INSTRUCTIONS FOR THE TASK: In the material below, pictures must be dropped. Repeat exactly, and only, the lines from the line with "Sony 360 Reality Audio sound profiles" to the line with "Celebrando 75 años", both ends included.

AVAILABLE RECORDS:
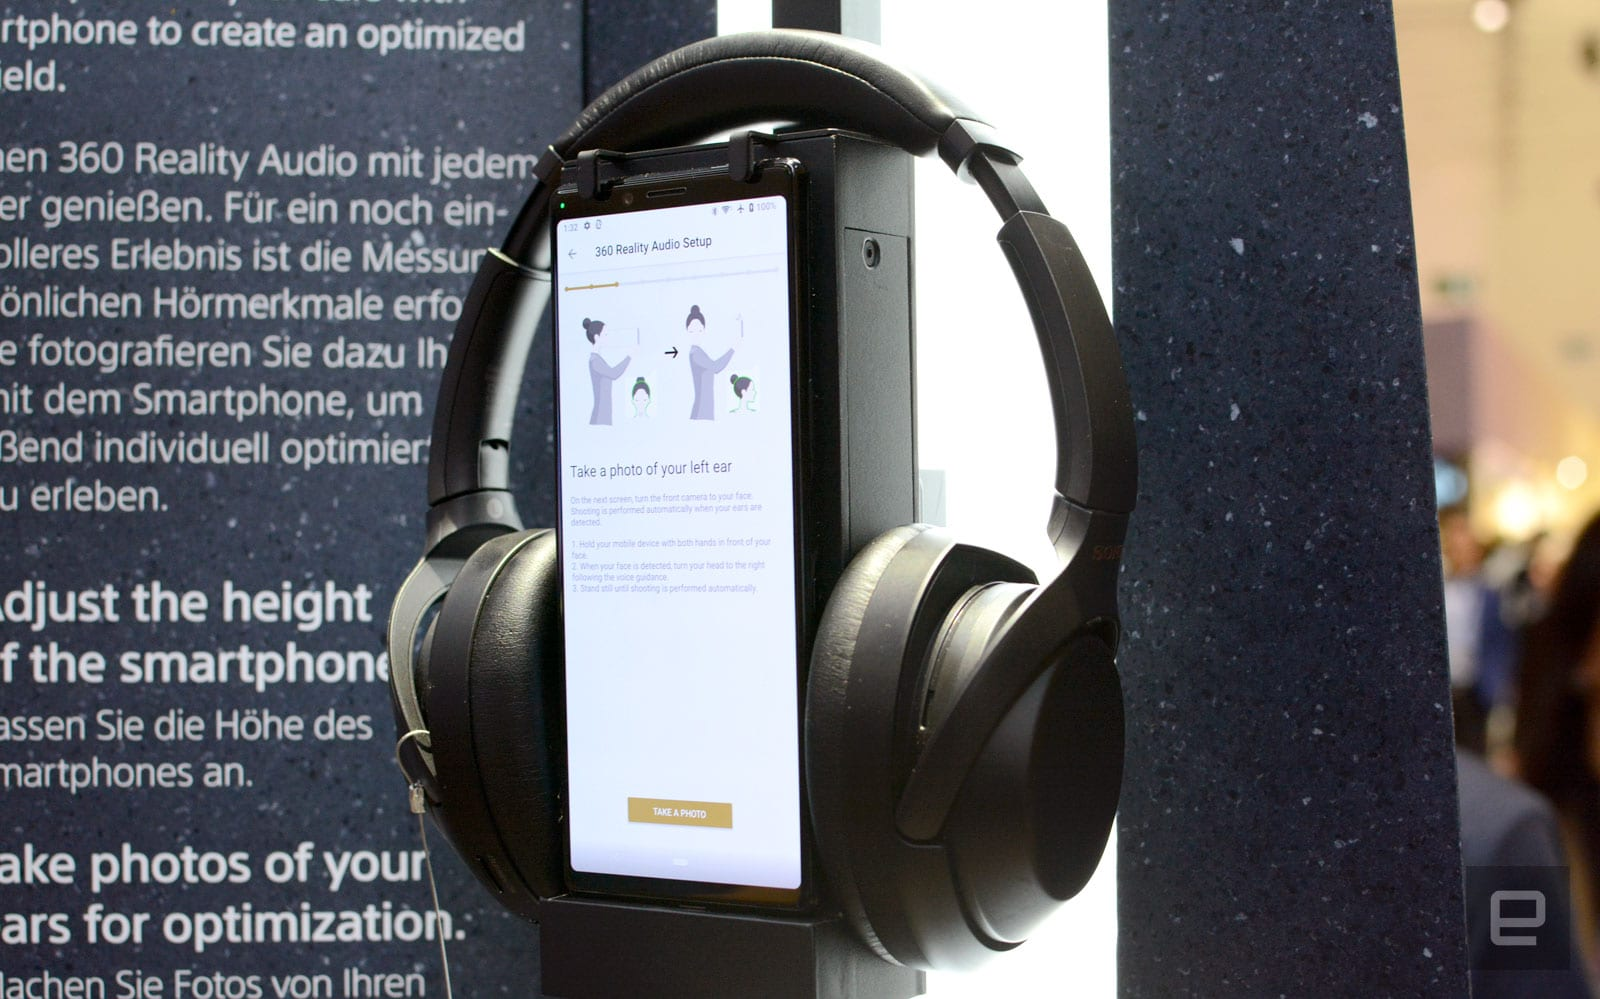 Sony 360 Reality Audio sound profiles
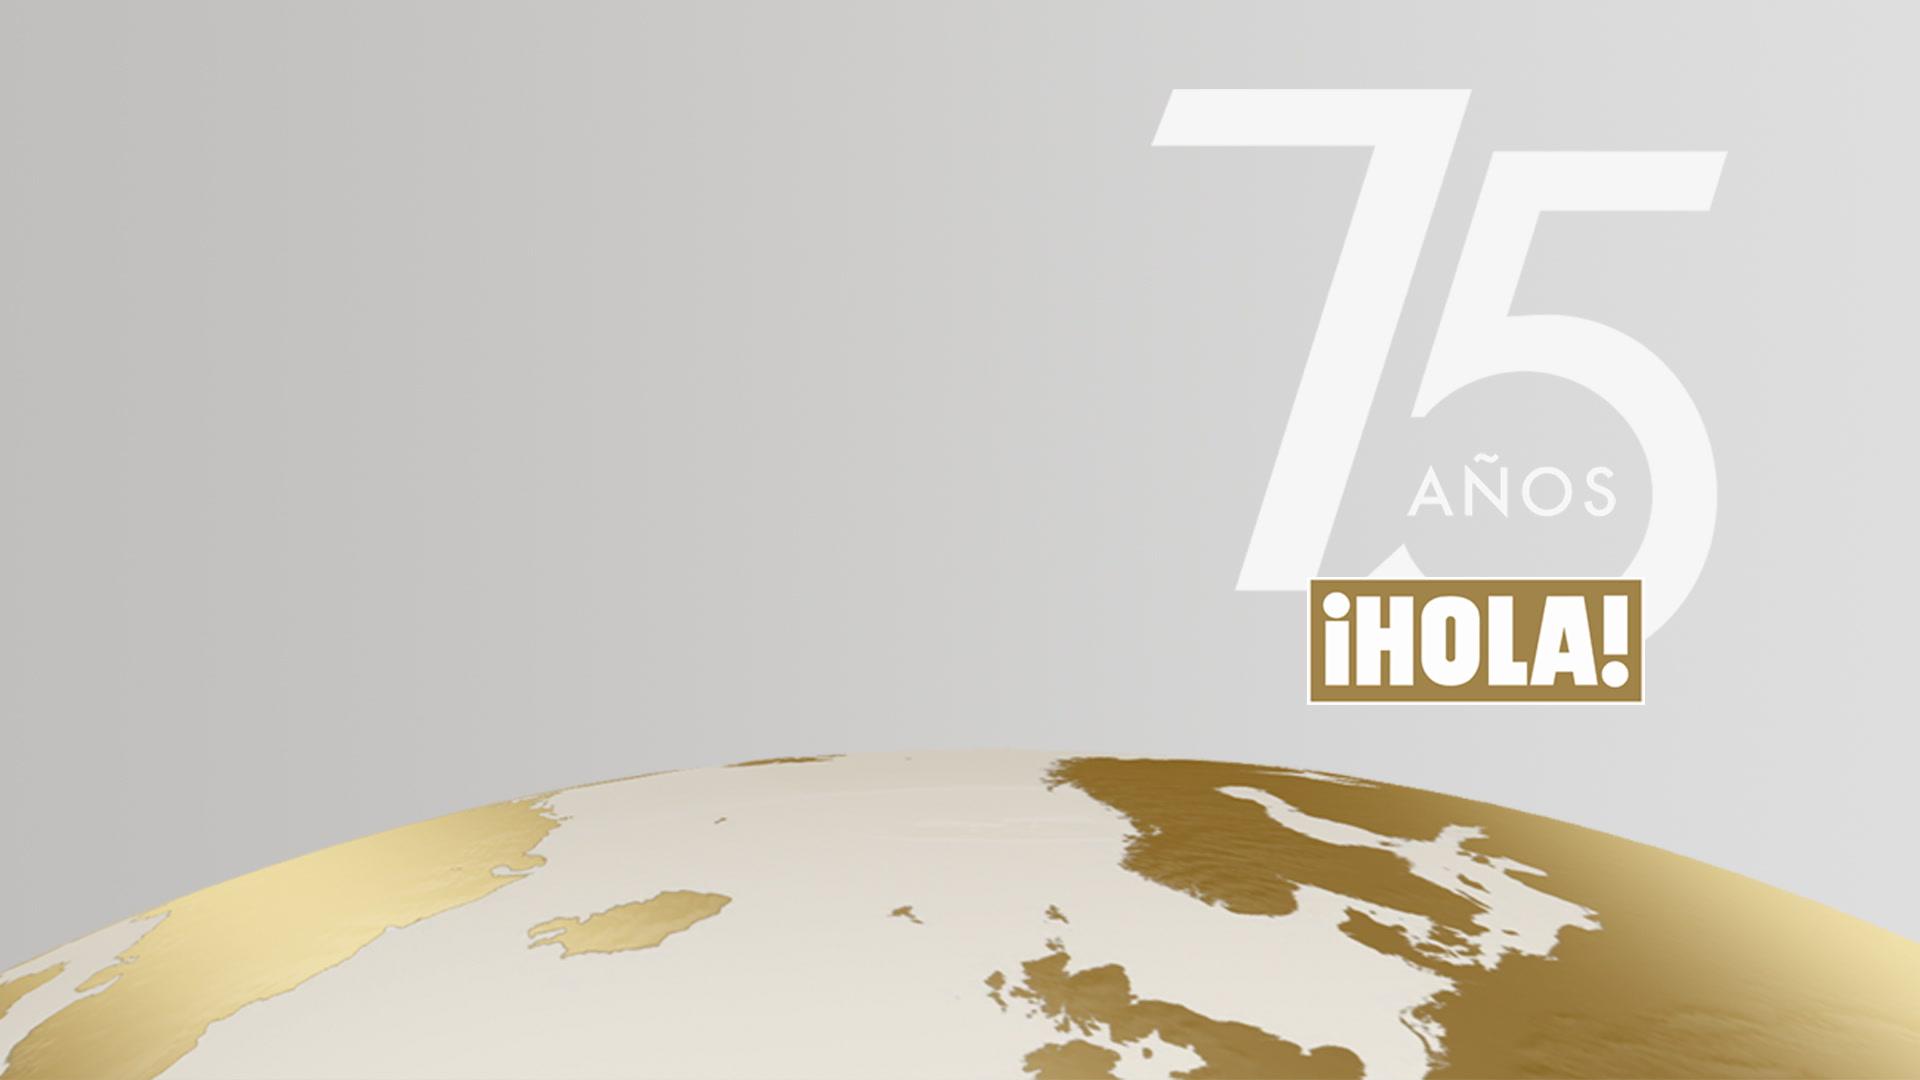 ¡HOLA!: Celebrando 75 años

---

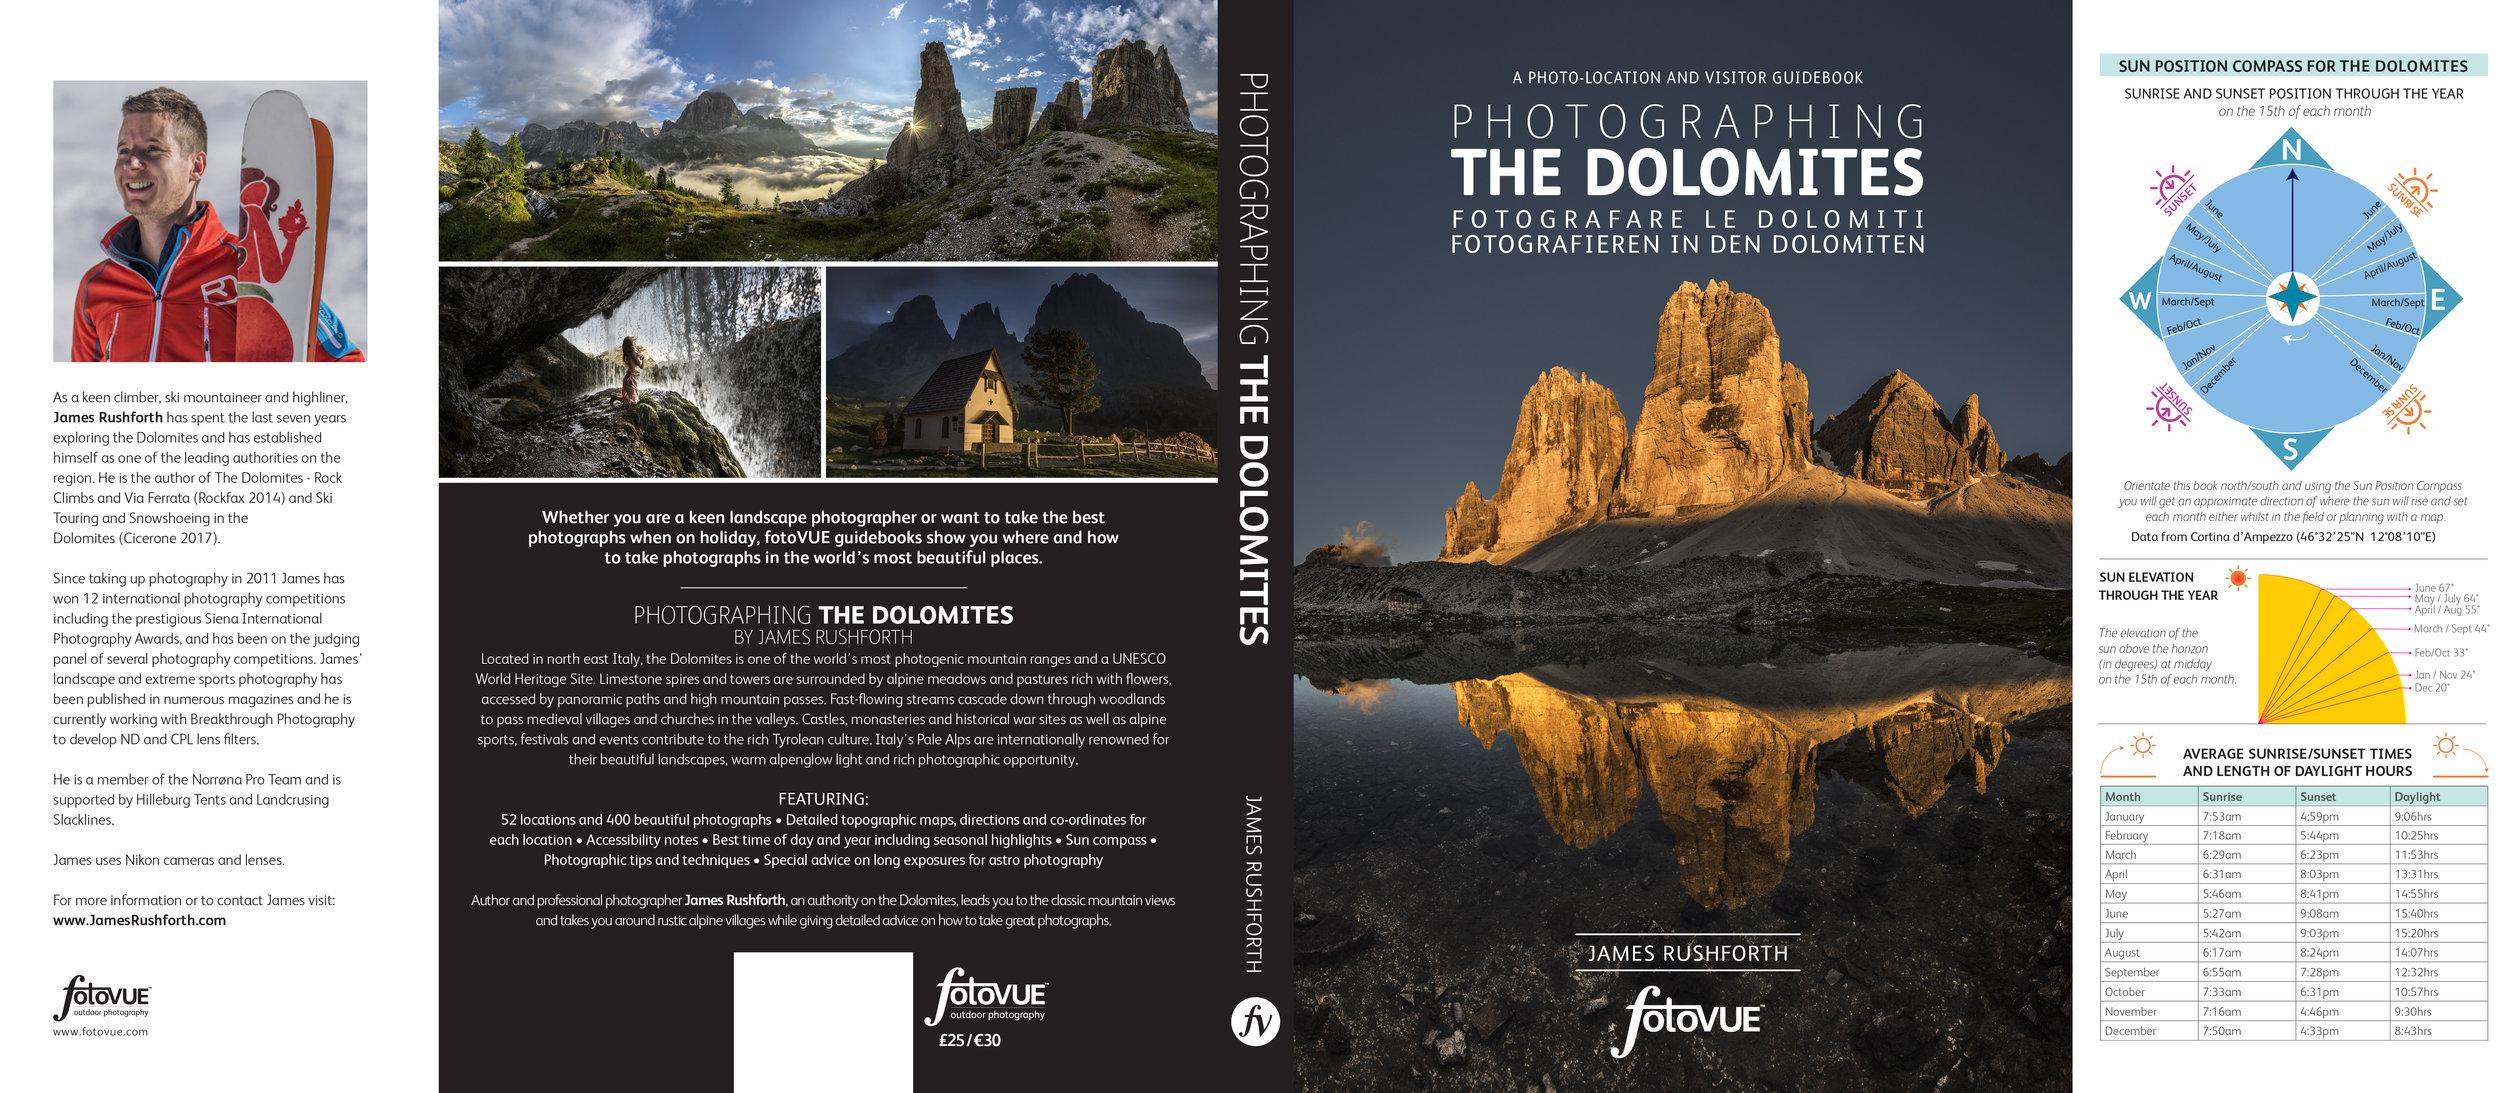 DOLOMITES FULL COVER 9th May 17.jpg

==

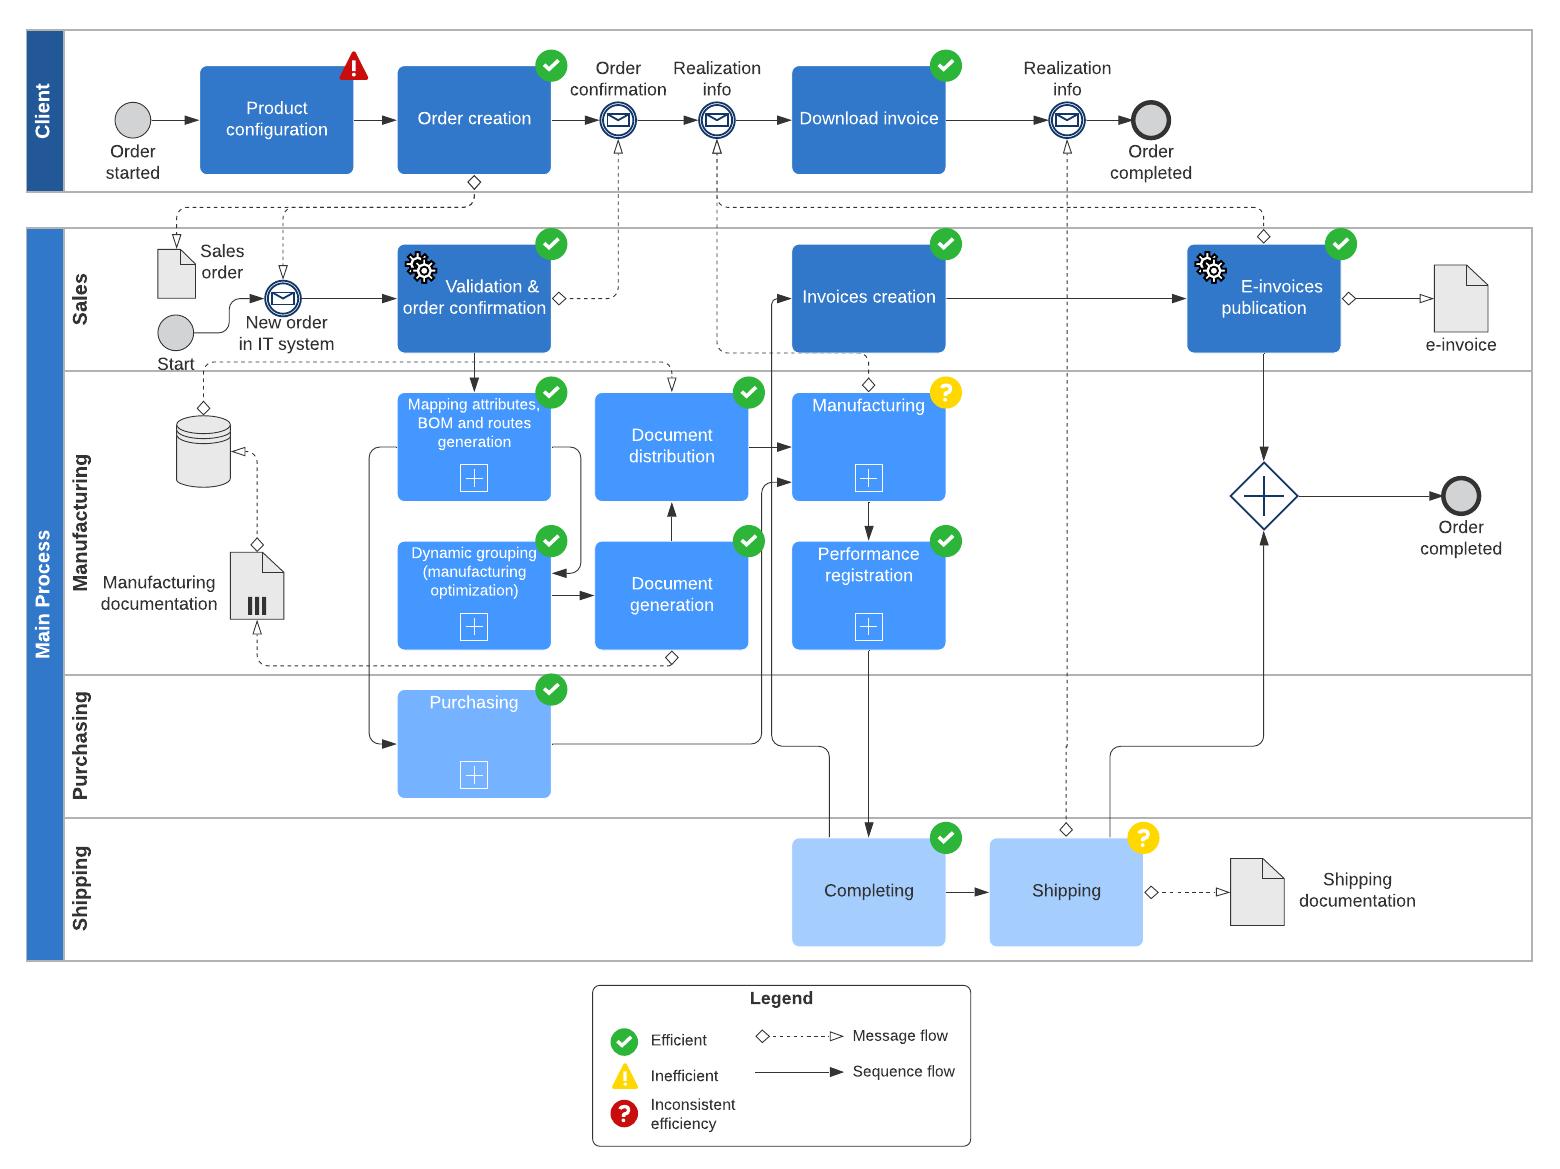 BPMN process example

RESULT OF THE TASK:
 Sony 360 Reality Audio sound profiles
 ¡HOLA!: Celebrando 75 años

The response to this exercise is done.